Il nuovo decreto triennale del Masaf ridisegna la gestione della pesca del tonno rosso, aumentando quote, imbarcazioni autorizzate e margini operativi. Per la Calabria si apre una fase attesa da anni, con 31 unità abilitate e nuove opportunità per l’intera filiera.

Nuove quote e ampliamento della flotta autorizzata
Una svolta significativa arriva per la pesca del tonno rosso con il nuovo decreto triennale del Ministero dell’Agricoltura, della sovranità alimentare e delle foreste, che assegna all’Italia una quota complessiva superiore a 6.180 tonnellate annue e amplia il numero delle imbarcazioni autorizzate. Il provvedimento introduce un assetto più flessibile e moderno, aumentando i contingenti disponibili e aprendo nuove prospettive per un settore che per anni ha operato sotto rigide limitazioni.

Apertura alla piccola pesca costiera e sostegno alla filiera
Tra le principali novità figura l’apertura sperimentale alla piccola pesca costiera, con quote dedicate fino a 1,5 tonnellate per imbarcazione. Il decreto prevede inoltre una quota premiale per la filiera, destinata a sostenere le attività di trasformazione e valorizzazione del prodotto, con l’obiettivo di rafforzare l’intero comparto e favorire una gestione più equilibrata della risorsa.
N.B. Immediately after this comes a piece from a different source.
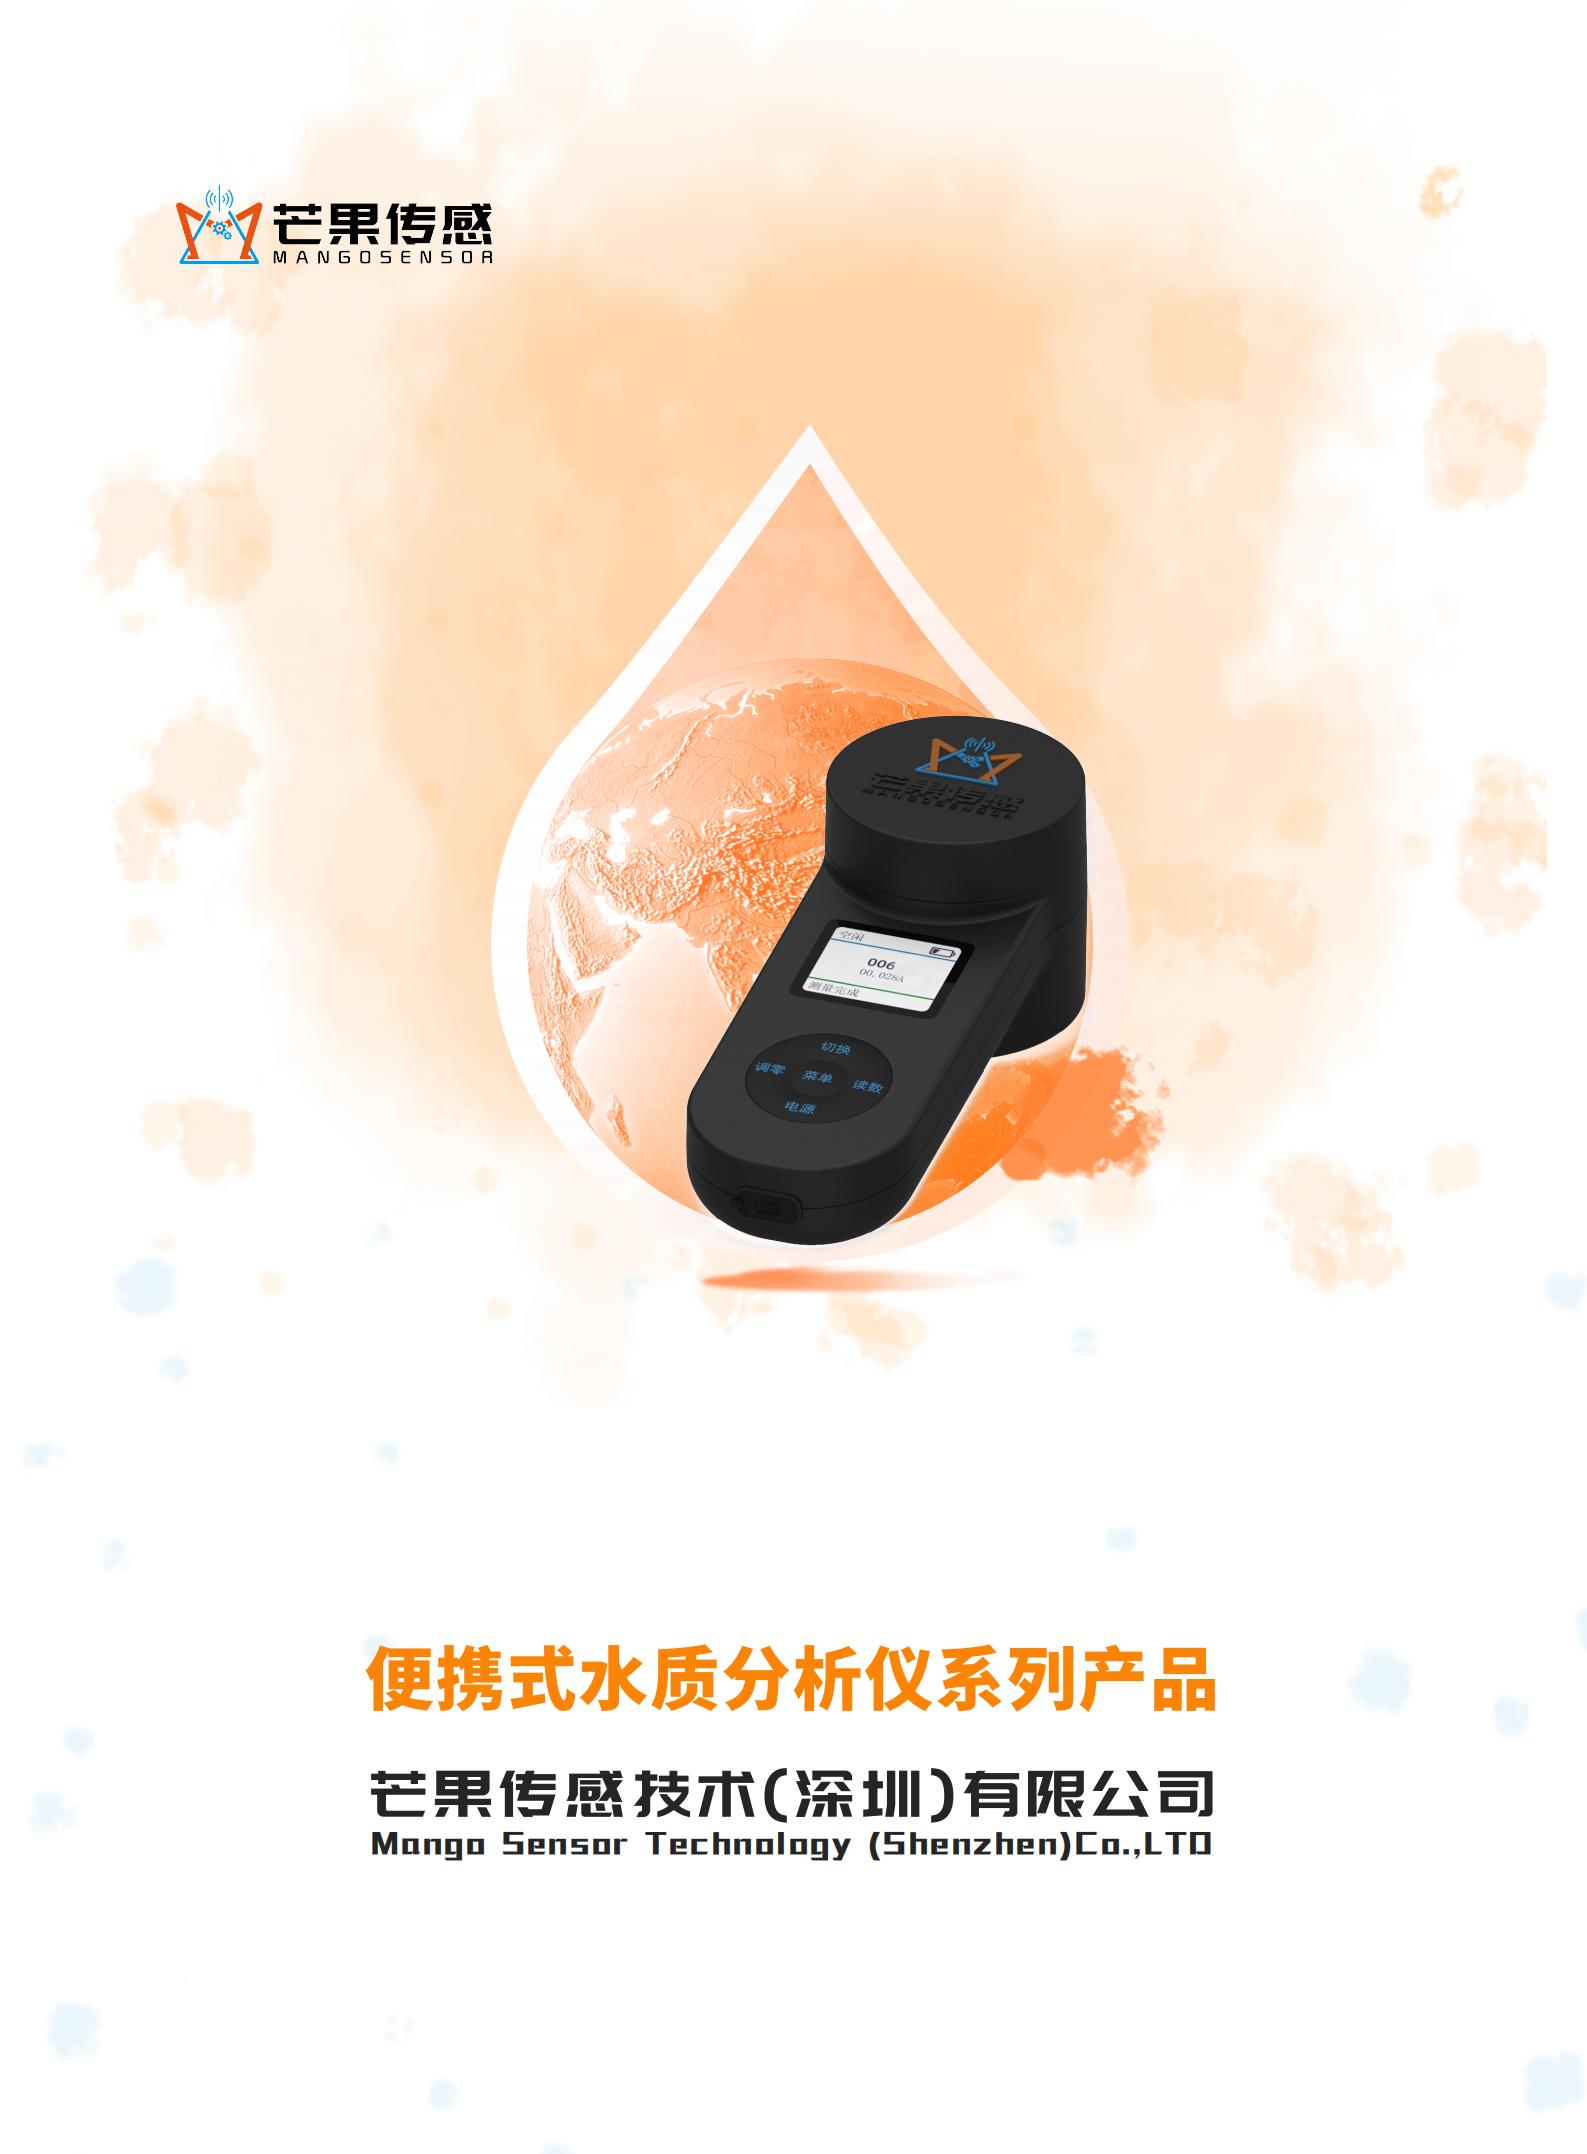 便携式水质分析仪系列产品宣传手册-V3.0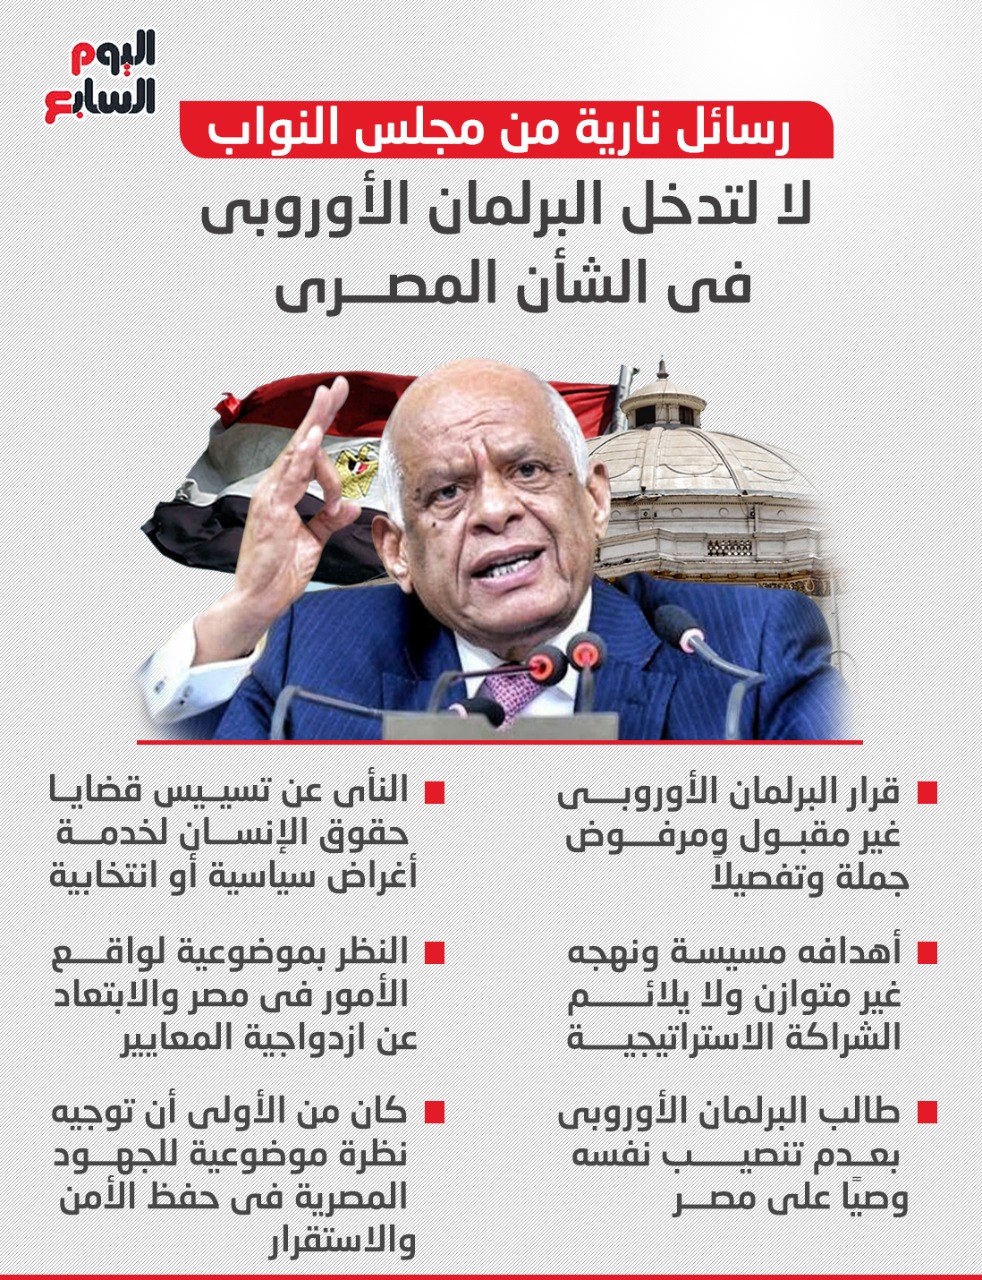 رسائل حاسمة وجهها مجلس النواب المصرى برئاسة الدكتور على عبد العال، رفضاً لقرار البرلمان الأوروبى بشأن حالة حقوق الإنسان فى مصر

Le ricadute per la Calabria
“In Calabria le imbarcazioni autorizzate sono 31: questo intervento colma un gap atteso da tempo e rappresenta un segnale concreto per il rilancio del settore”, ha dichiarato l’assessore regionale all’Agricoltura, Gianluca Gallo. “I sacrifici delle marinerie – ha aggiunto – hanno contribuito al recupero della risorsa e alla nuova fase di crescita”. L’assessore ha inoltre rivolto un ringraziamento al ministro Francesco Lollobrigida e al sottosegretario Patrizio La Pietra “per l’attenzione e il lavoro svolto a favore del comparto”.

Maggiore flessibilità nella gestione delle quote
Il decreto introduce anche strumenti più dinamici per la gestione delle quote, prevedendo la possibilità di trasferimenti tra operatori e margini di adattamento in base all’andamento delle catture. Un’impostazione che punta a rendere il sistema più efficiente, garantendo al tempo stesso sostenibilità e tutela della risorsa marina.